Labor revolution has taken us from transformational to transactional and now to tacit work. Personal brands matter most when what you buy is intellectual property. You aren’t going to make your name based solely on the hours you work, or the volume of paper you shuffle in a day. You need to strut your hard-won wisdom when it matters, and come out on top in this revolution by being a key influencer within and outside your organization.

This isn’t our father’s marketplace – with so much information and so many alternatives, there is not only an overload of options in the market, and getting your voice heard is just one of many sounds echoing in your management’s ears. Getting ahead isn’t just having the strongest experience, the best analysis, or the most correct argument- you need to learn to differentiate to accelerate.

I’m not suggesting you run out and chop a mohawk down across your skull, but I am suggesting that you need to think about how you stand out, both within your organization and in your professional market at large (depending on the size of your pond, this can be locally, regionally, or even internationally). If you are tired of being treated like another guy from [insert department here], give your audience good reason to perk up to your message.

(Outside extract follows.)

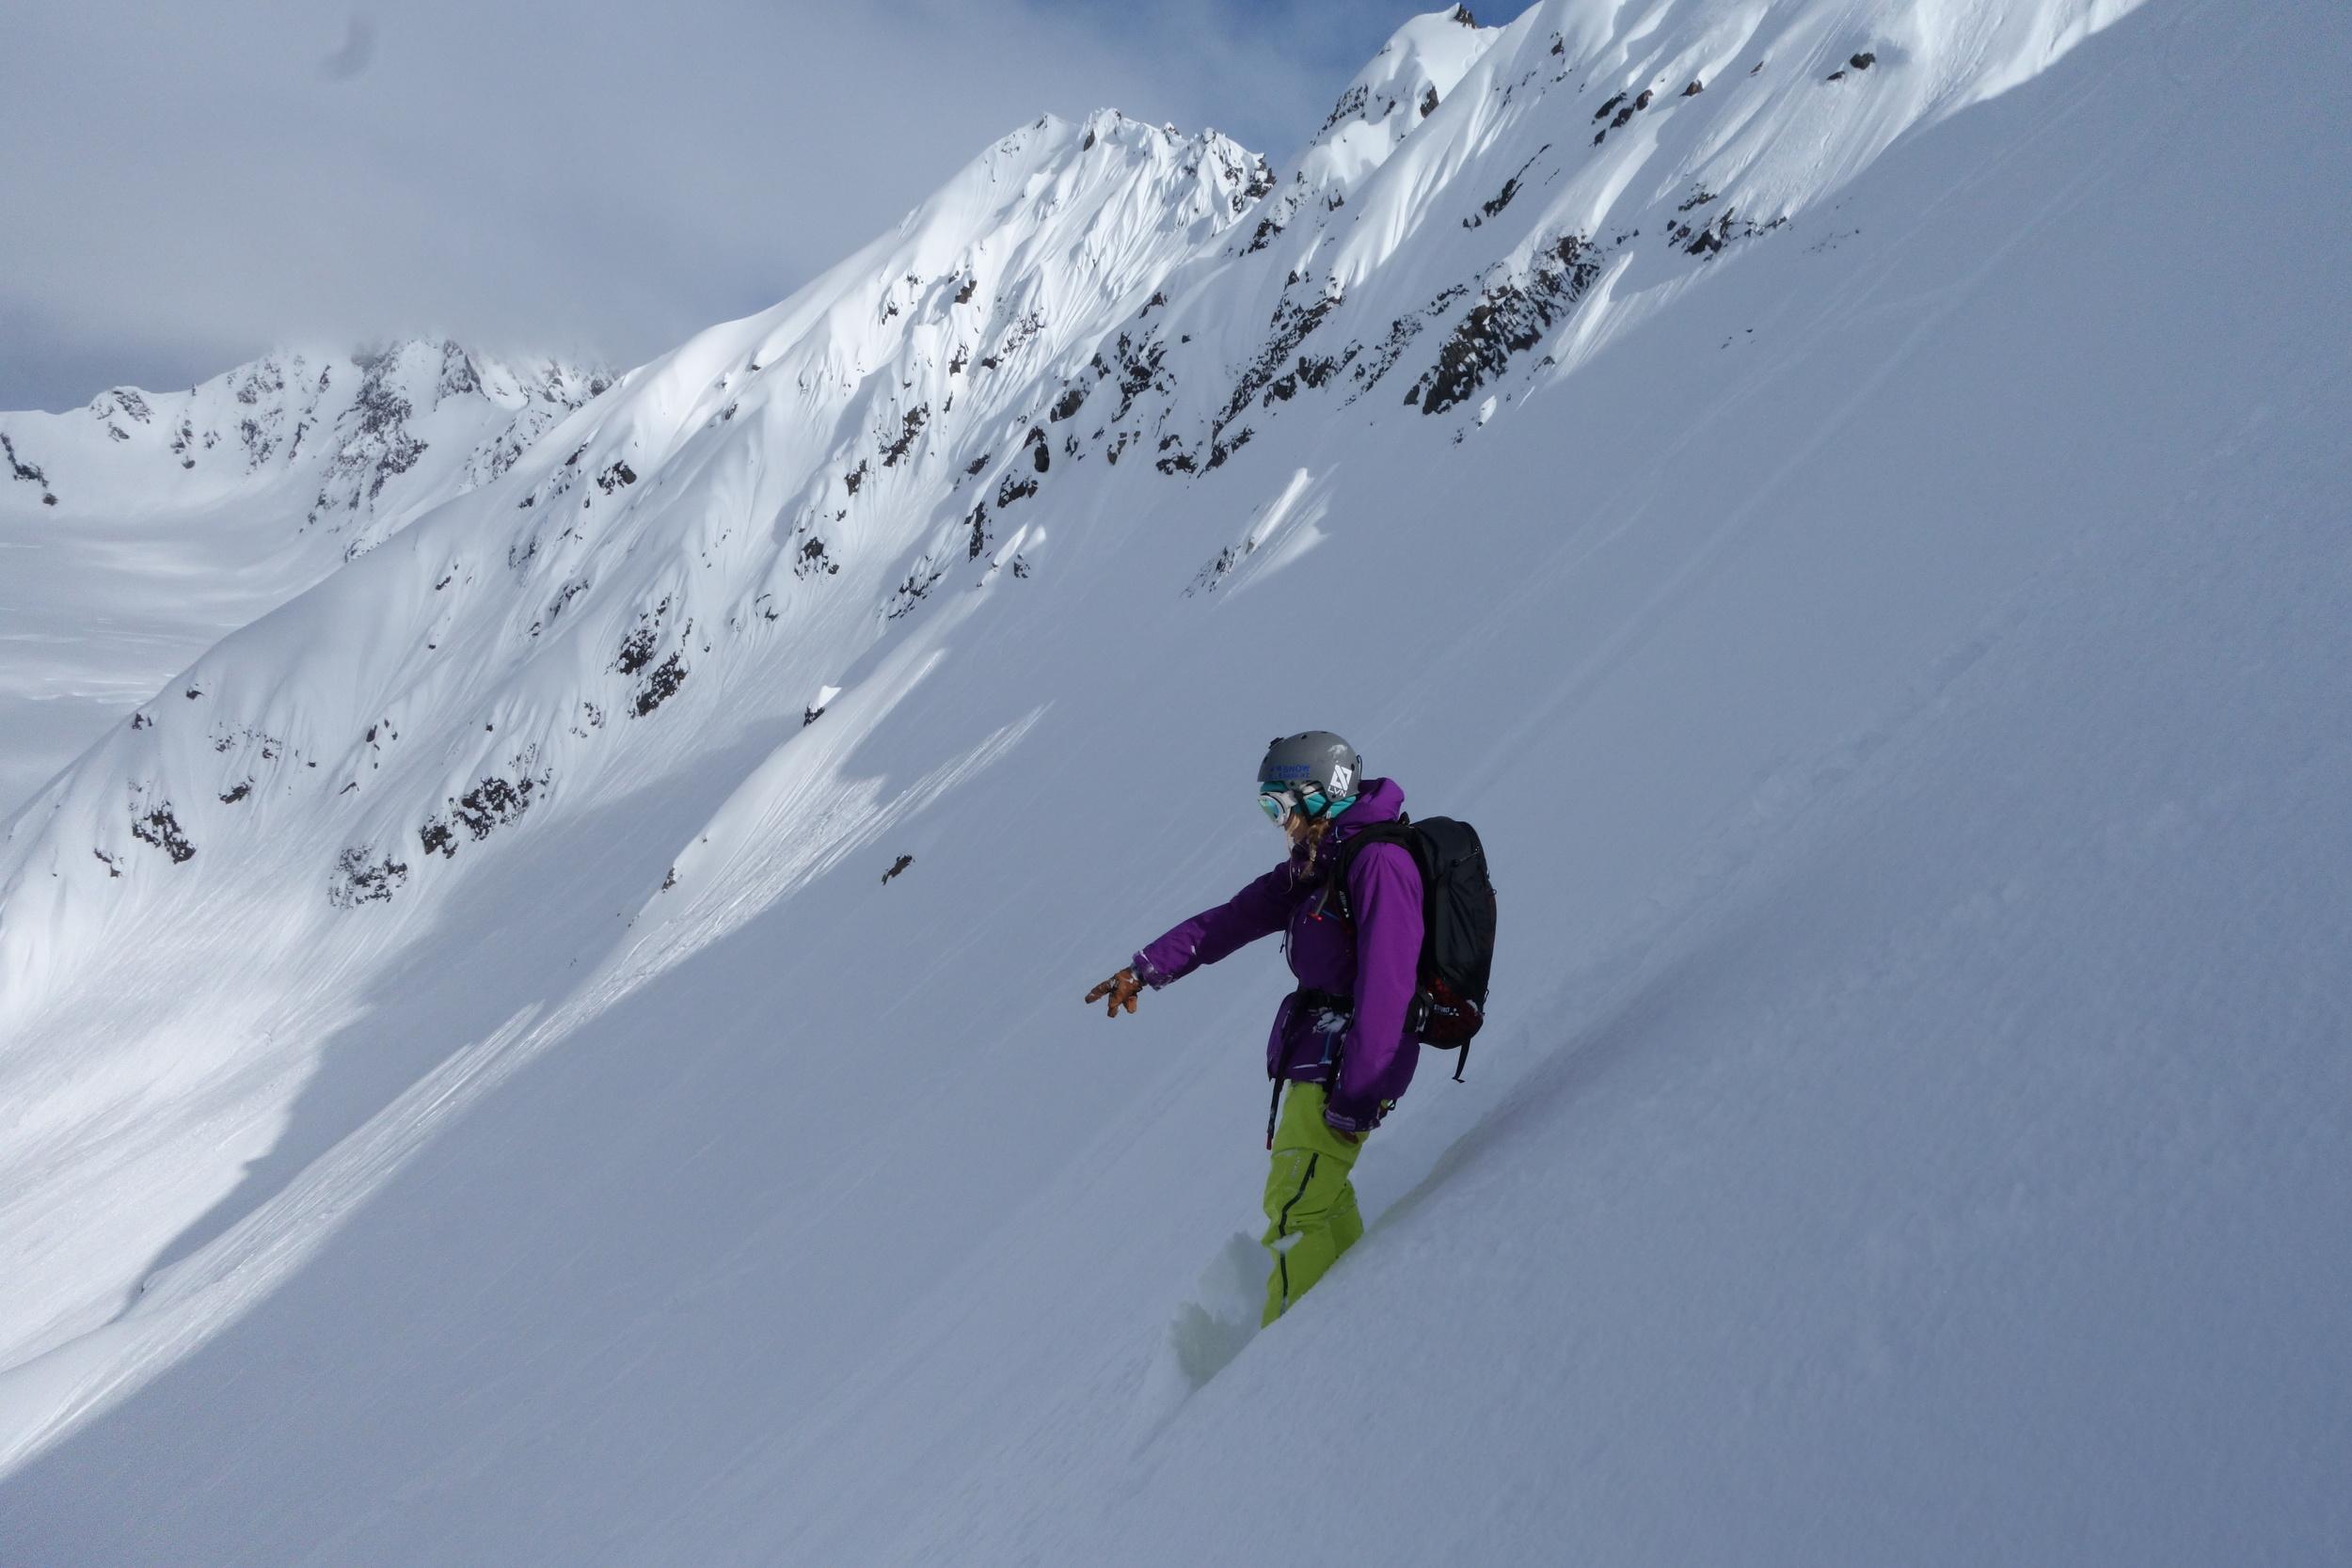 Pure Snow Snowboarding Alaska Alexa 8.JPG

A few recommendations for differentiating, which is so central to tacit business services:

  • Manage your personal brand. Don’t get trashed at company parties unless you are “that guy” (in which case, you can stop reading now). Remember that you are a sum of your interactions in each individuals eyes, and value of your advice is based on a perpetuating perception that you are competent – and most often right.
  • Think before you speak. This sounds easy- but we both know better (your mother has been telling you this for years). If you are senior enough to be advising on matters that require experience and understanding, be wary of the counsel you provide off the cuff. Speak clearly, speak plainly, and give your listener context – you’ll look smarter for it.
  • Value of Advice is Proportionate to the Cost of Said Service. Put another way, people have come to expect that they get what they pay for. Check the urge to give out too much free advice, because you can’t build a consulting practice (within a business or across businesses) on that model.
  • Help those around you grow the value of their tacit service offerings. Think of this as “pay it forward”- helping others become what they will one day be is a terrific investment. Even when the immediate financial reward isn’t visible, remember that your direct reports today could be your managers in your next engagement.